Exactly and only the lines below from the one containing "図 2-5-1銀聯ネット決済（UPOP）" down to the one containing "Футзальный мяч FUTSAL" are wanted, both included; please exclude every picture.

- _Data listing_:
====

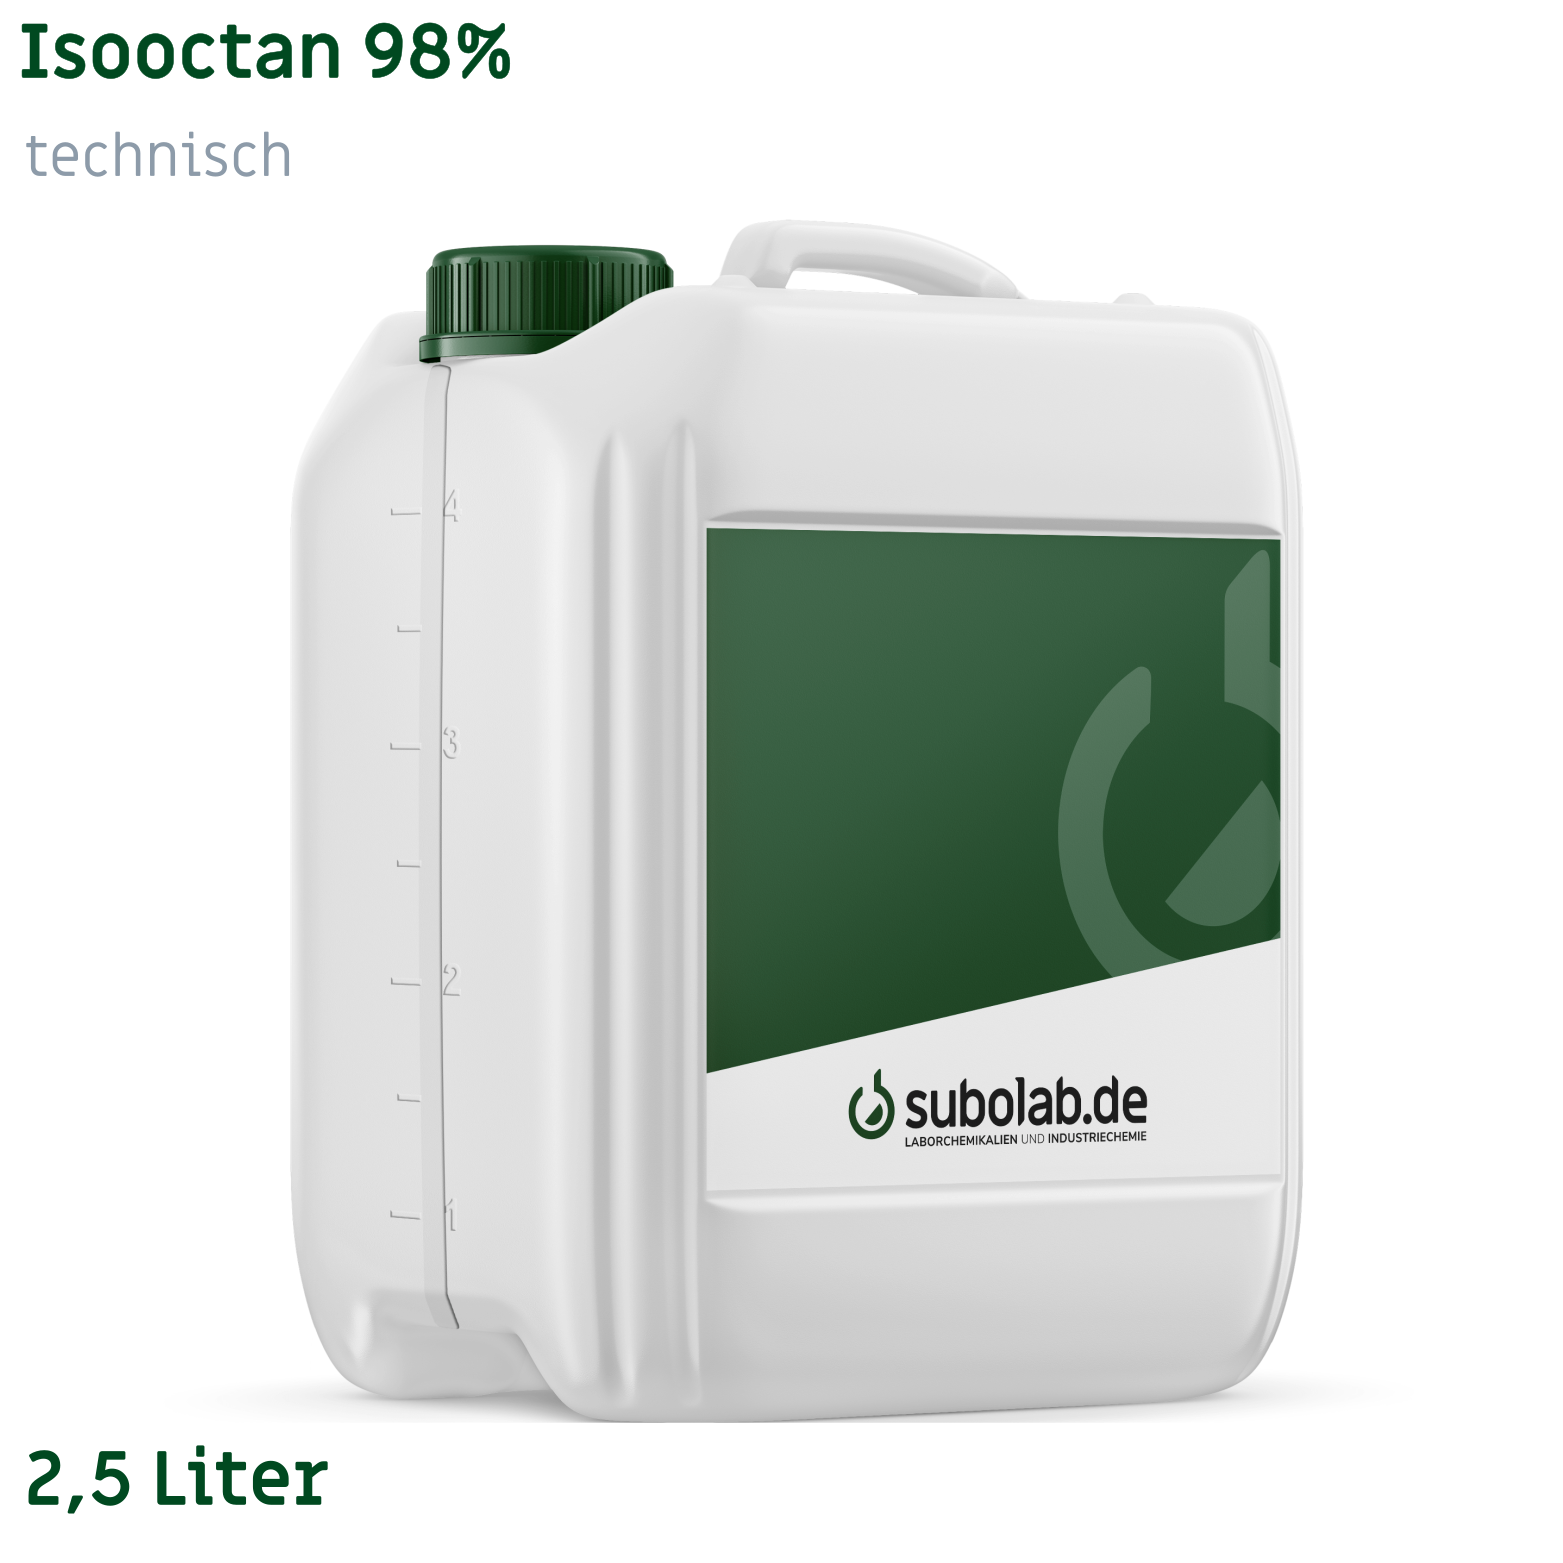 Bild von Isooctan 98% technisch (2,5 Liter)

====

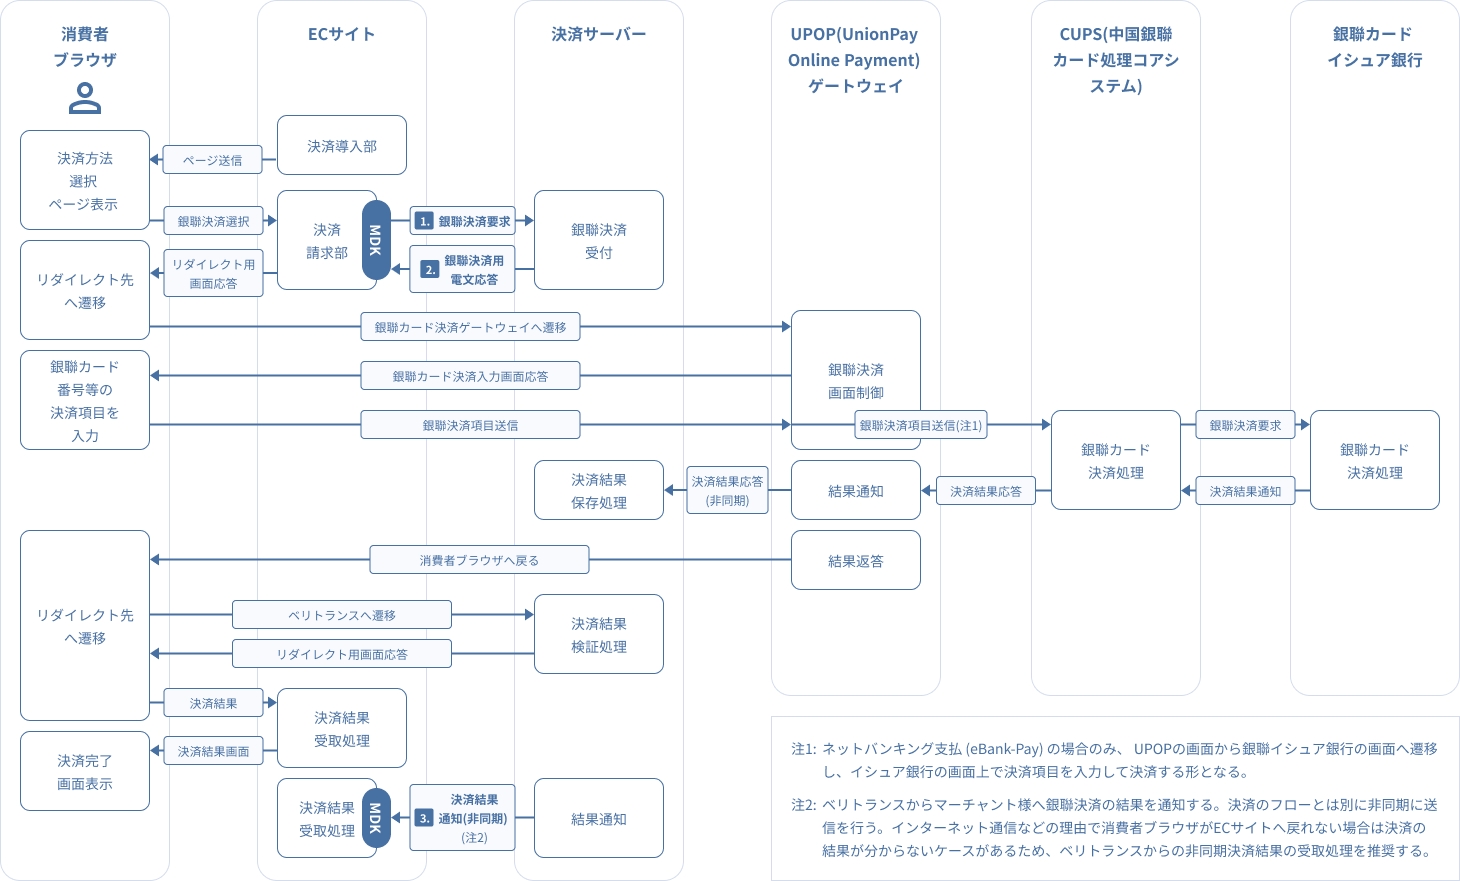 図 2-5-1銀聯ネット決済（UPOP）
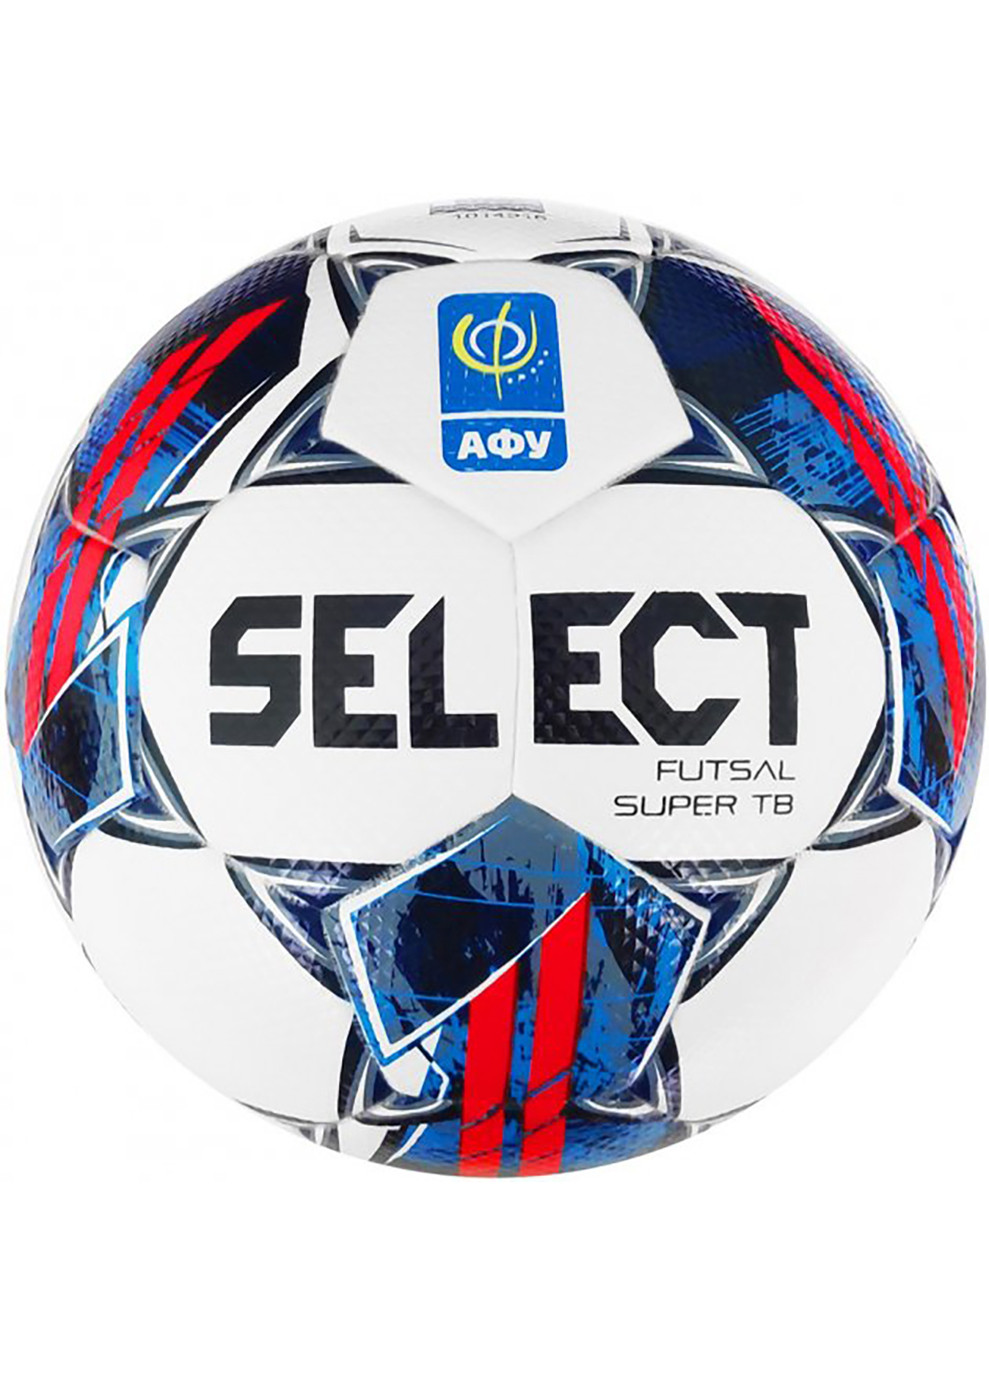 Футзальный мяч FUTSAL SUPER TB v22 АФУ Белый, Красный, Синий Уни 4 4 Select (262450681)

====

- _Answer_:
 図 2-5-1銀聯ネット決済（UPOP）
 Футзальный мяч FUTSAL SUPER TB v22 АФУ Белый, Красный, Синий Уни 4 4 Select (262450681)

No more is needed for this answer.